"We wanted him to understand who we are and where we came from," Bibiana Osorio said, remembering the day she kept her son home from school so a six‑year‑old Jonathan Osorio could watch the World Cup. On Friday he will mark his 34th birthday on the same stage: Canada’s World Cup opener at BMO Field in Toronto.
The moment is quietly large. More than 45,000 people are expected to be in the stands for a home match that will pit Canada against Bosnia‑Herzegovina, and 17 members of the Osorio family will be there together — traveling, celebrating, wearing red, and watching. For a family that "lives soccer," the timing is almost cinematic: a birthday, a packed stadium and the old ritual of supporting their son on the world’s biggest stage.
Family stories explain how the sport took hold. Bibiana said the decision to keep him out of class at six was intentional: "We’re from Colombia. Colombia was playing in the World Cup. We wanted him to experience that." She framed soccer as inheritance and habit — not a hobby. "Soccer is in our family and has been big forever," she said. "My husband played. My dad played. Our kids play. Being South American, it was a way of life for all of us. It’s in our blood."
Those roots have followed Osorio into the international spotlight. The opener in Toronto will be the most visible example of that thread: family in the stands, a hometown crowd, and a player whose life was shaped by watching the tournament as a child.
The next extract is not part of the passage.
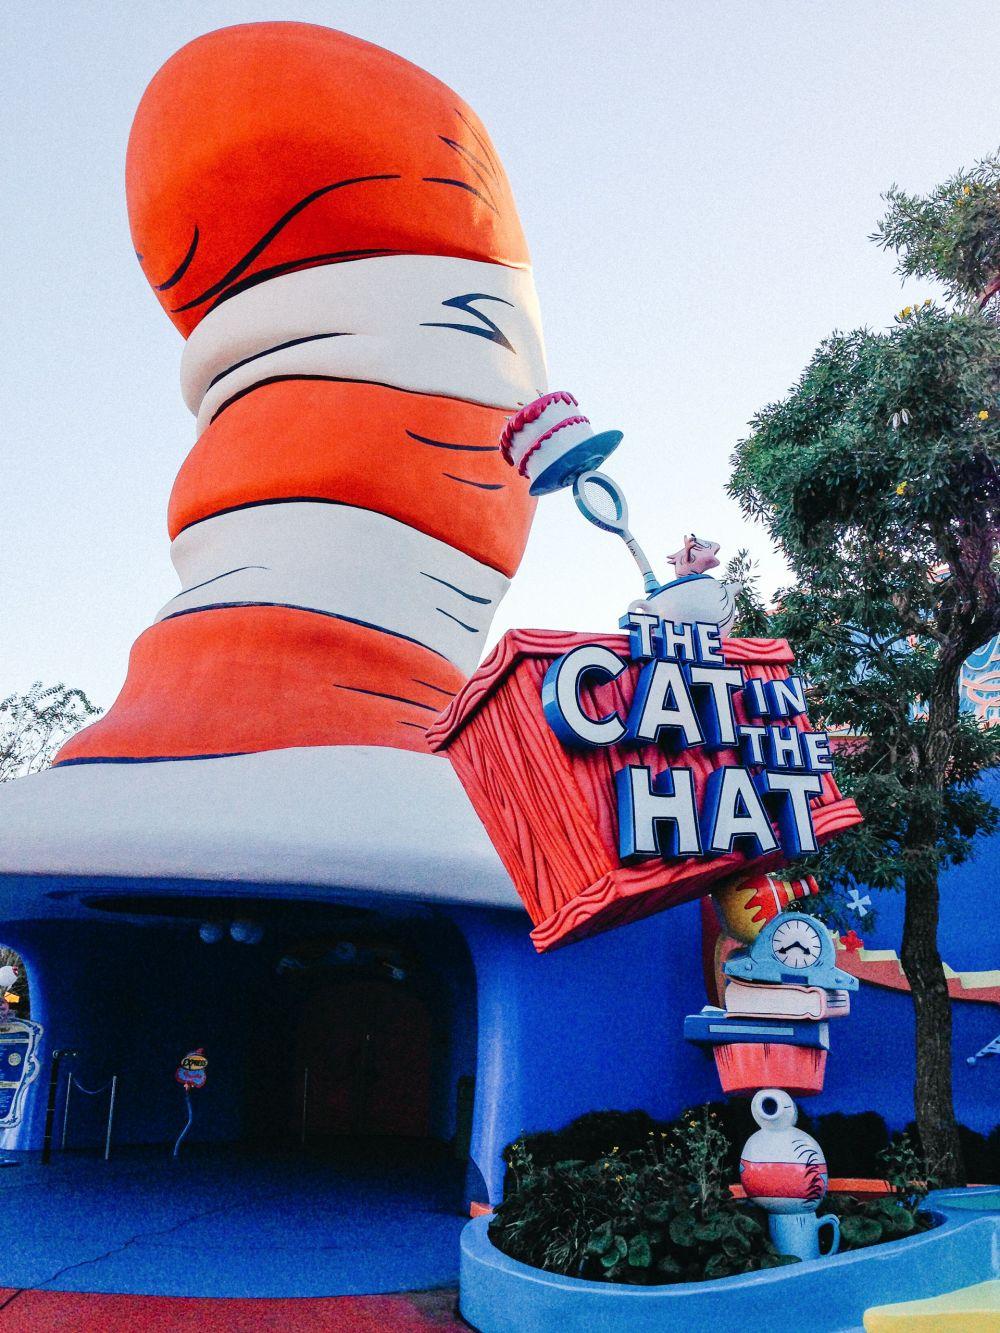 Universal Studios and Islands of Adventure in Orlando, Florida, USA (8)
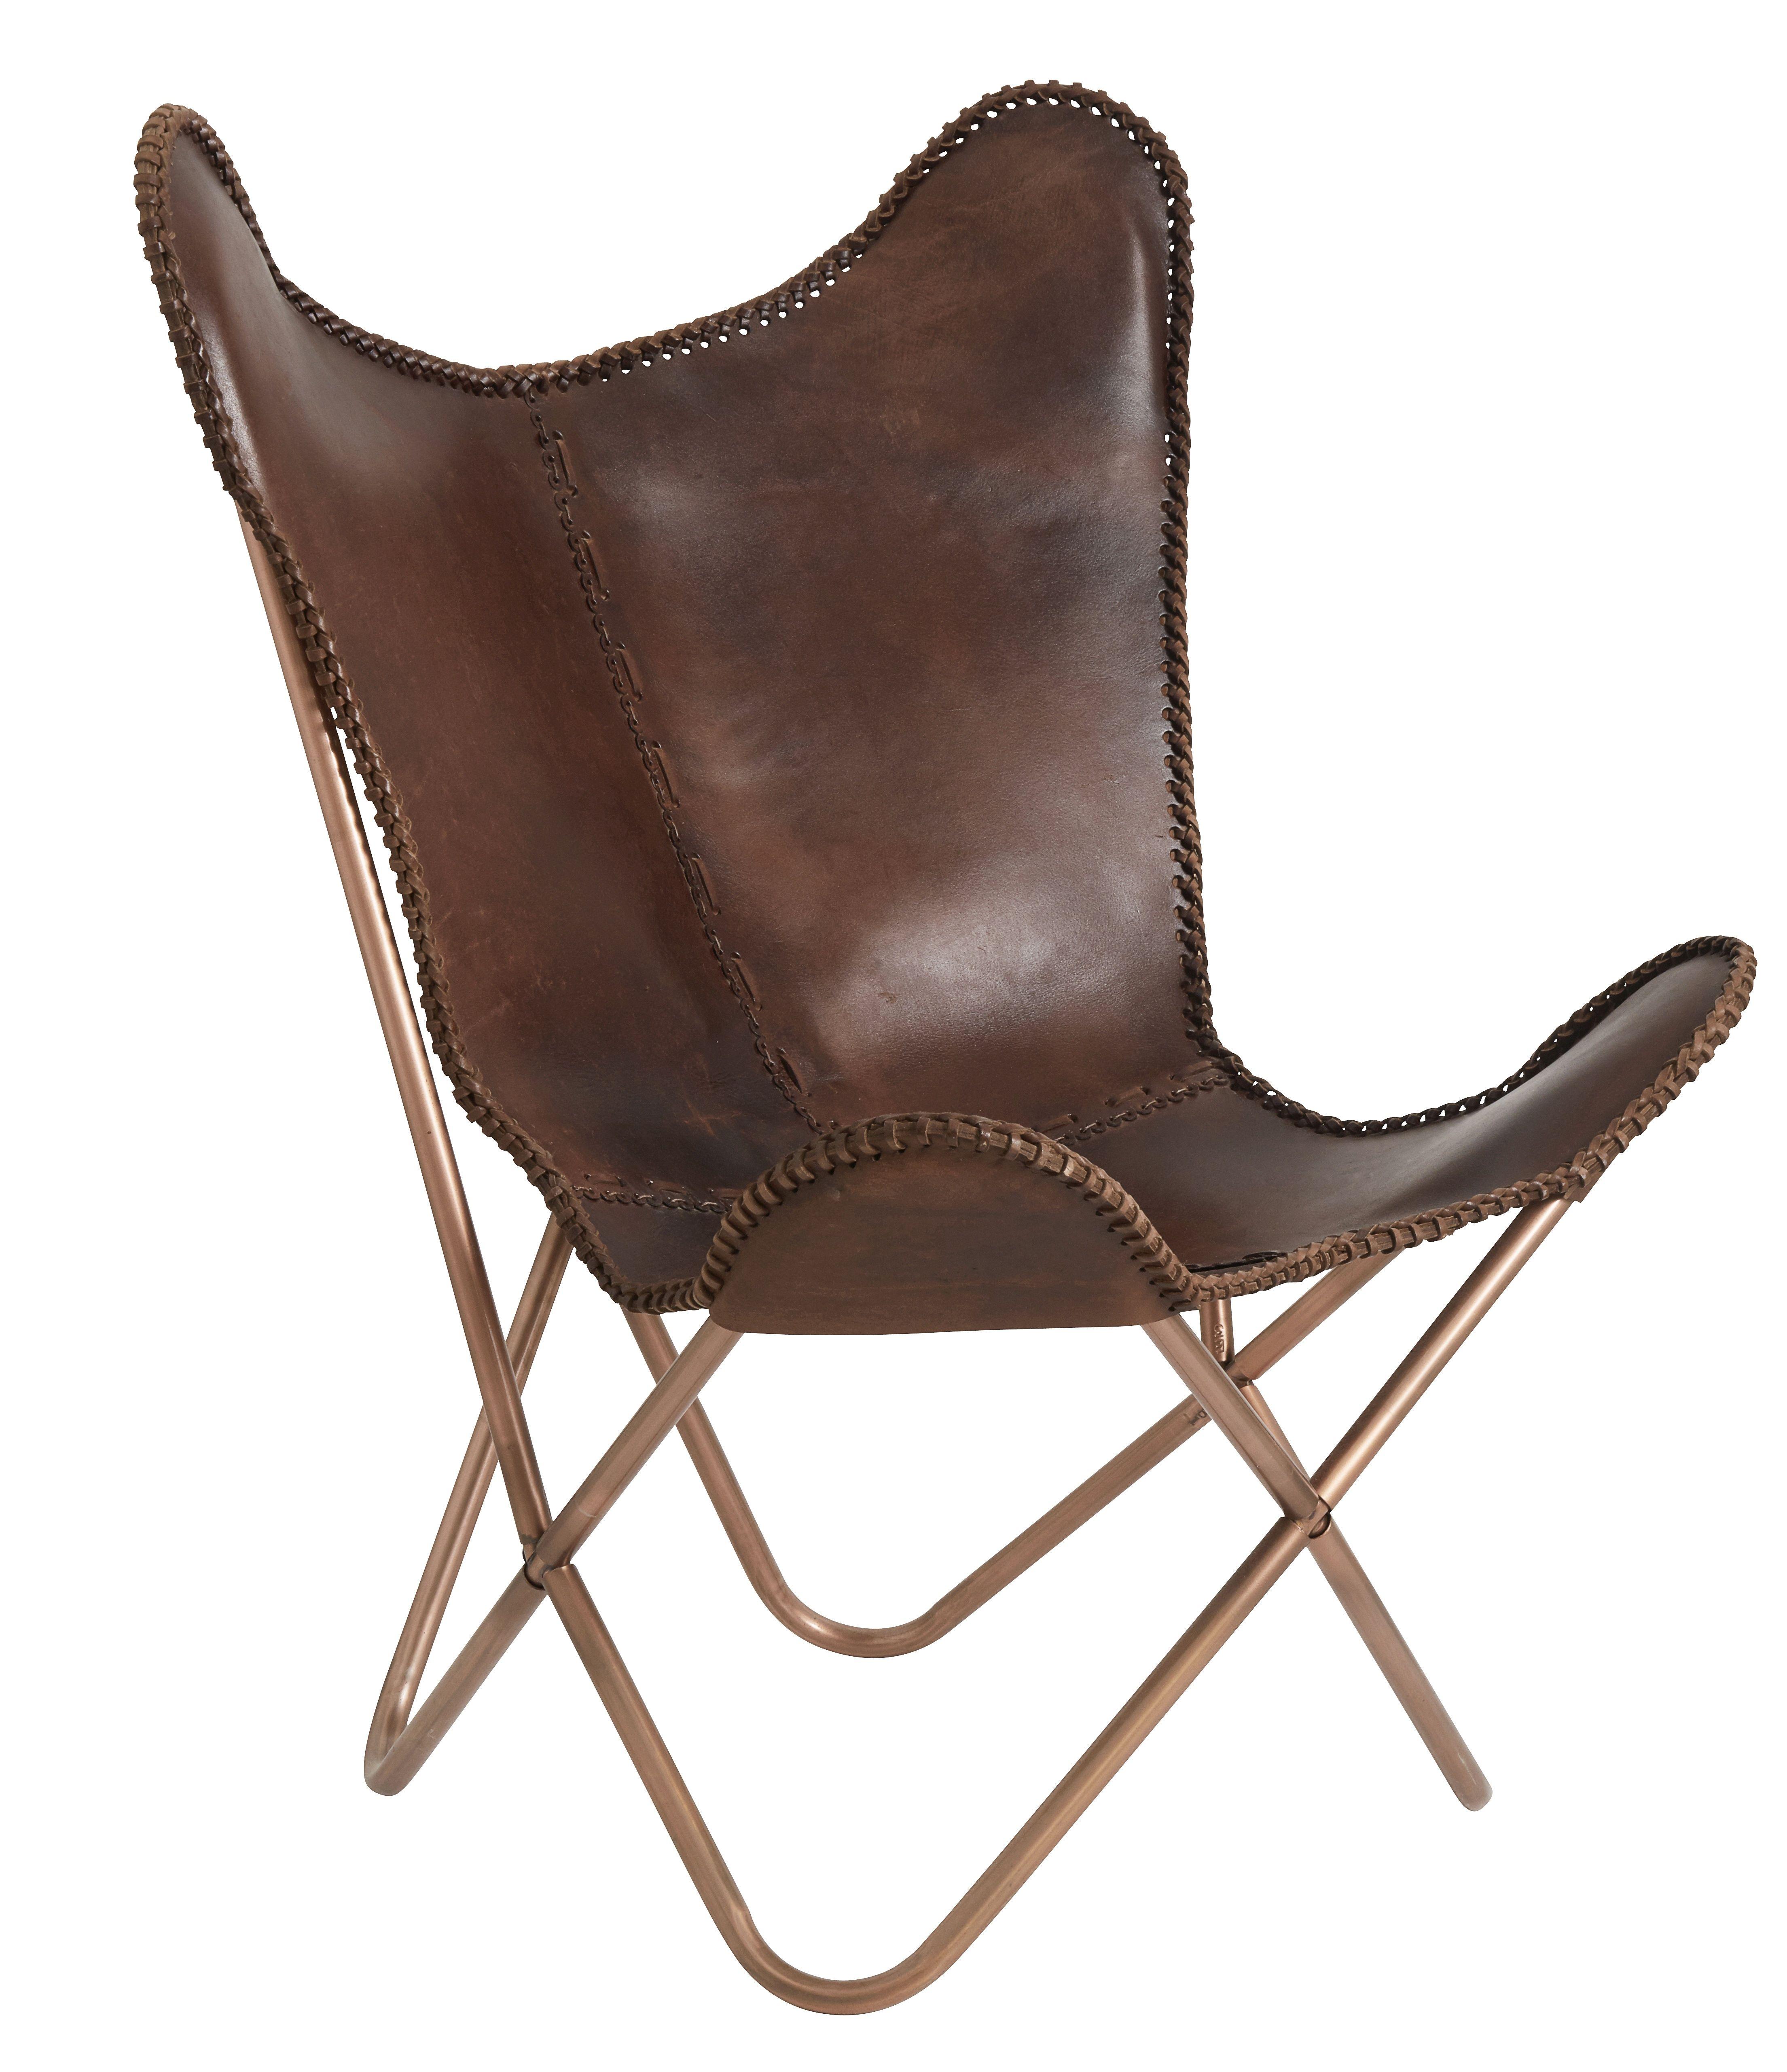 Brown Leather Butterfly Chair Stuhlede Com Schmetterling Stuhl Stuhle Klassiker

The details are concrete. The setting is specific. The texture is familial.
But the scene also exposes a practical gap. The game is described as a home fixture in Toronto, yet it is against Bosnia‑Herzegovina — a reminder that World Cup scheduling and geography do not always yield tidy storylines. More important for Osorio personally is a question the facts here leave open: how will he be used on the field in that opener? The reporting ties him to the date and the crowd, not to a confirmed tactical role.
That uncertainty matters in two ways. For the player, a 34th birthday can be a ceremonial nod from a coach — a brief appearance for applause — or a tactical call that asks a veteran to set a tempo, protect the ball or unlock a defense. For his family and the crowd of more than 45,000, it will determine whether the night is remembered mainly as a party or as a competitive contribution to Canada’s World Cup campaign.
Canada’s opponent is set. The venue and the attendance are set. What remains is a decision that will be announced in a lineup and revealed in play: will Jonathan Osorio step onto BMO Field as a starter entrusted to shape the opener, or will he be held as an experienced option off the bench? That choice will turn a family celebration into either a personal milestone or a professional turning point — and it is the question everyone in his row at the stadium will watch first.